Re: FSM Corruption (was: Could not read block at end of the relation)

From: Noah Misch <noah(at)leadboat(dot)com>
To: Ronan Dunklau <ronan(dot)dunklau(at)aiven(dot)io>
Cc: pgsql-bugs <pgsql-bugs(at)lists(dot)postgresql(dot)org>
Subject: Re: FSM Corruption (was: Could not read block at end of the relation)
Date: 2024-03-04 23:05:03
Message-ID: 20240304230503.a4.nmisch@google.com
Views: Raw Message | Whole Thread | Download mbox | Resend email
Thread:
Lists: pgsql-bugs

On Mon, Mar 04, 2024 at 11:21:07PM +0100, Ronan Dunklau wrote:
> Le lundi 4 mars 2024, 20:03:12 CET Noah Misch a écrit :
> > Is this happening after an OS crash, a replica promote, or a PITR restore?
>
> I need to double check all occurences, but I wouldn't be surprised if they all
> went trough a replica promotion.
>
> > If so, I think I see the problem. We have an undocumented rule that FSM
> > shall not contain references to pages past the end of the relation. To
> > facilitate that, relation truncation WAL-logs FSM truncate. However,
> > there's no similar protection for relation extension, which is not
> > WAL-logged.

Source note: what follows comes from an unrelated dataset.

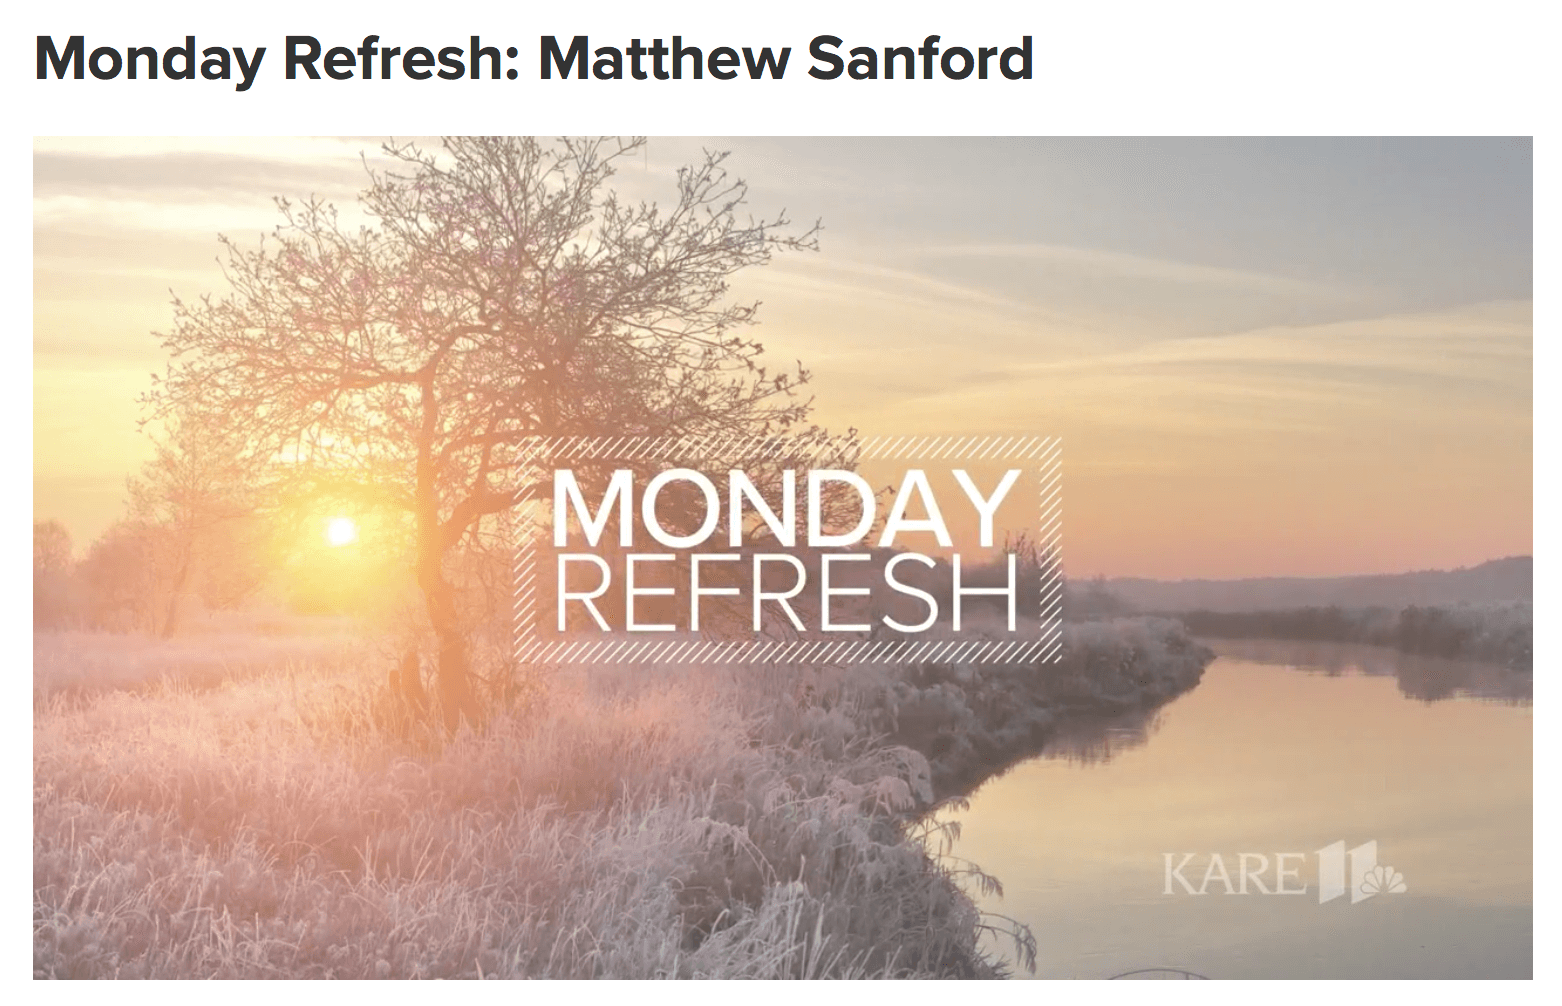 KARE11: Monday Refresh with Matthew Sanford

We break the rule whenever we write FSM for block X before
> > some WAL record initializes block X. data_checksums makes the trouble
> > easier to hit, since it creates FPI_FOR_HINT records for FSM changes. A
> > replica promote or PITR ending just after the FSM FPI_FOR_HINT would yield
> > this broken state. While v16 RelationAddBlocks() made this easier to hit,
> > I suspect it's reproducible in all supported branches. For example,
> > lazy_scan_new_or_empty() and multiple index AMs break the rule via
> > RecordPageWithFreeSpace() on a PageIsNew() page.
>
> Very interesting. I understand the reasoning, and am now able to craft a very
> crude test case, which I will refine into something more actionable:
>
> - start a session 1, which will just vacuum our table continuously
> - start a ession 2, which will issue checkpoints continuously
> - in a session 3, COPY enough data so that we prealllocate too many pages. In
> my example, I 'm copying 33150 single integer rows, which fit on a bit more
> than 162 pages. The idea behind that is to make sure we don't fall on a round
> number of pages, and we leave several iterations of the extend mechanism
> running to issue a full page write of the fsm.
>
> So to trigger the bug, it seems to me one needs to run in parallel:
> - COPY
> - VACUUM
> - CHECKPOINT
>
> Which would explain why a surprisingly large number of occurences I've seen
> seemed to involve a pg_restore invocation.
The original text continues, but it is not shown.